To destroy all resources created for this project execute the destroy rule:

# from the root directory

$ make destroy

NOTE: ⚠️ AWS CDK CLI will ask for your permissions to destroy the CDK stacks. When asked, please acknowledge with y and press Enter.

Add new Python dependencies

To install preferred Python dependencies to your MWAA environment, update the requirements.txt file and upload it to S3 bucket. To make these changes take effect, you will need to update your MWAA environment by selecting a new version of requirements.txt. You can do so in AWS Console or via AWS CLI.

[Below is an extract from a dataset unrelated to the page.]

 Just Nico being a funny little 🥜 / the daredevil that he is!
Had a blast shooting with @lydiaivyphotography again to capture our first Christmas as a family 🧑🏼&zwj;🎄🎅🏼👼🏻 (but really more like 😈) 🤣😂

Upload requirements.txt with new Python dependencies:

aws s3 cp mwaa-ca-bucket-content/requirements.txt s3://YOUR-BUCKET-NAME/

To get requirements.txt versions run:

aws s3api list-object-versions --bucket YOUR-BUCKET-NAME --prefix requirements.txt

Finally, update your MWAA environment with a new version of requirements.txt:

aws mwaa update-environment --name mwaa_codeartifact_env --requirements-s3-object-version OBJECT_VERSION

If you build your own Python packages, you could also add this process to update requirements.txt and MWAA environment as part of your release pipeline.

License

This library is licensed under the MIT-0 License. See the LICENSE file.